I want to share one or two other more practical things that worked for me when I was in a similar space to yours. I apologise in advance if this is too much information. But what the heck ... you can't see me blush.

When you are really not in the mood for sex (too sore, too angry etc.) then don't try and force yourself. But offer an alternative that involves you and the gift of your body (physical affection) If your husband is masturbating, then offer to hold him while he does so. Stroke his body, take pleasure in watching his pleasure. Because he's caught up in sensation, you can touch him in a way you wouldn't usually (because this would normally mean that then you'd have to have sex with him!) This is a good time to remind yourself that you like his body, the feel of his skin under your fingers and the fact that he belongs to you. If you're into being dominated by an alpha male, then persuade him to sit astride you when he does this. Let him finish on you. Yes, this can be messy; but for me, it was worth it. I shared in and heightened his pleasure by participating. Not as good as full sex for either of us, but it was enough to tide us both over...

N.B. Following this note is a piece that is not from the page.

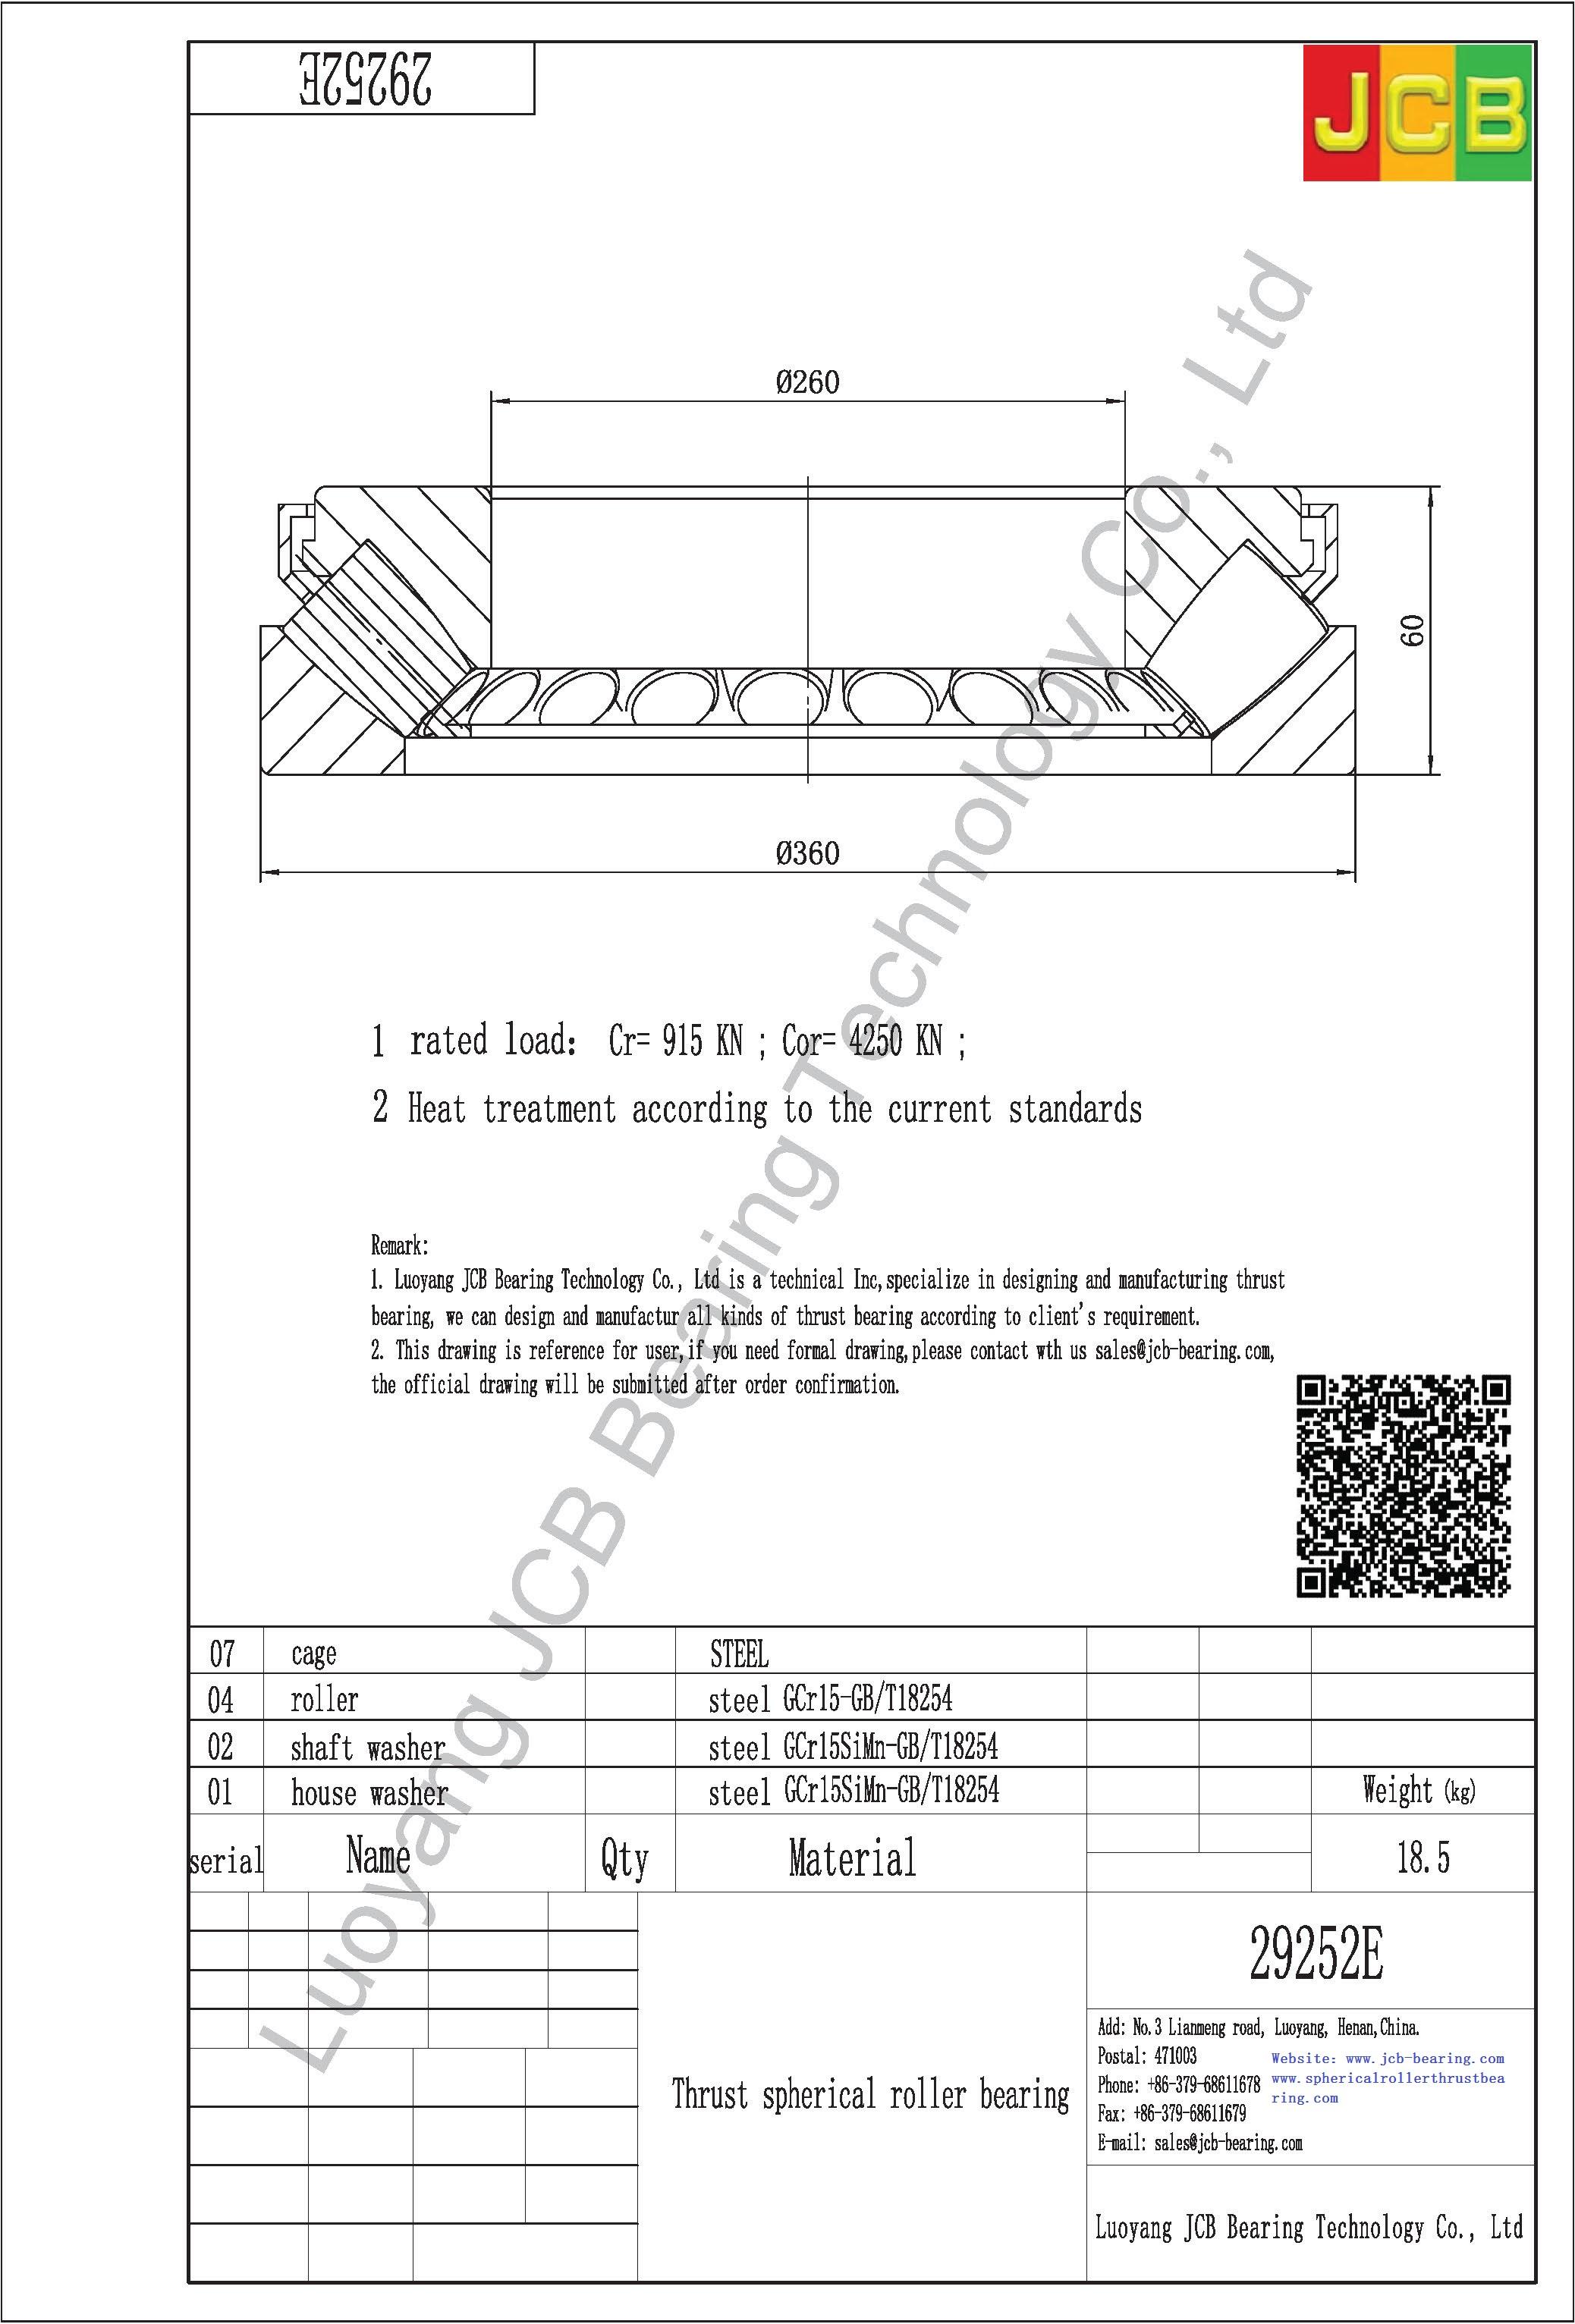 29252 E spherical roller thrust bearing

You spoke about wanting 'romance'. Imagine that when your husband is getting into bed and 'sexually assaulting' you , what he is actually trying to do is reach out and touch you. Not just with his body, but with all of him. Because he is a man, he will try and use his penis to do this. :wink2: When you feel that he's going to reach out to you, do it first. Because you made the first move, you get to set the tone. Put your arms around him and ask him to hold you. Tell him how much you miss being held by him. Tell him you love him, but that you're too tired for sex. What you really want though, is to fall asleep with him holding you. 

I agree that sex is not a husband's 'right'. But it is a gift that you give to each other. A gift that is supposed to feel good when you give it and when you receive it. Sometimes choosing to give that gift is hard. But you have to let go of your resentment and try. And finally (maybe I should have put this in first). I found this not so long ago and wished that I could have read it seven years ago. Maybe I found it for you... How to Overcome Sexual Aversion.


----------



## MJJEAN (Jun 26, 2015)

Don't kid yourself. If the sex is this much of a problem, your marriage is not good. It's in trouble.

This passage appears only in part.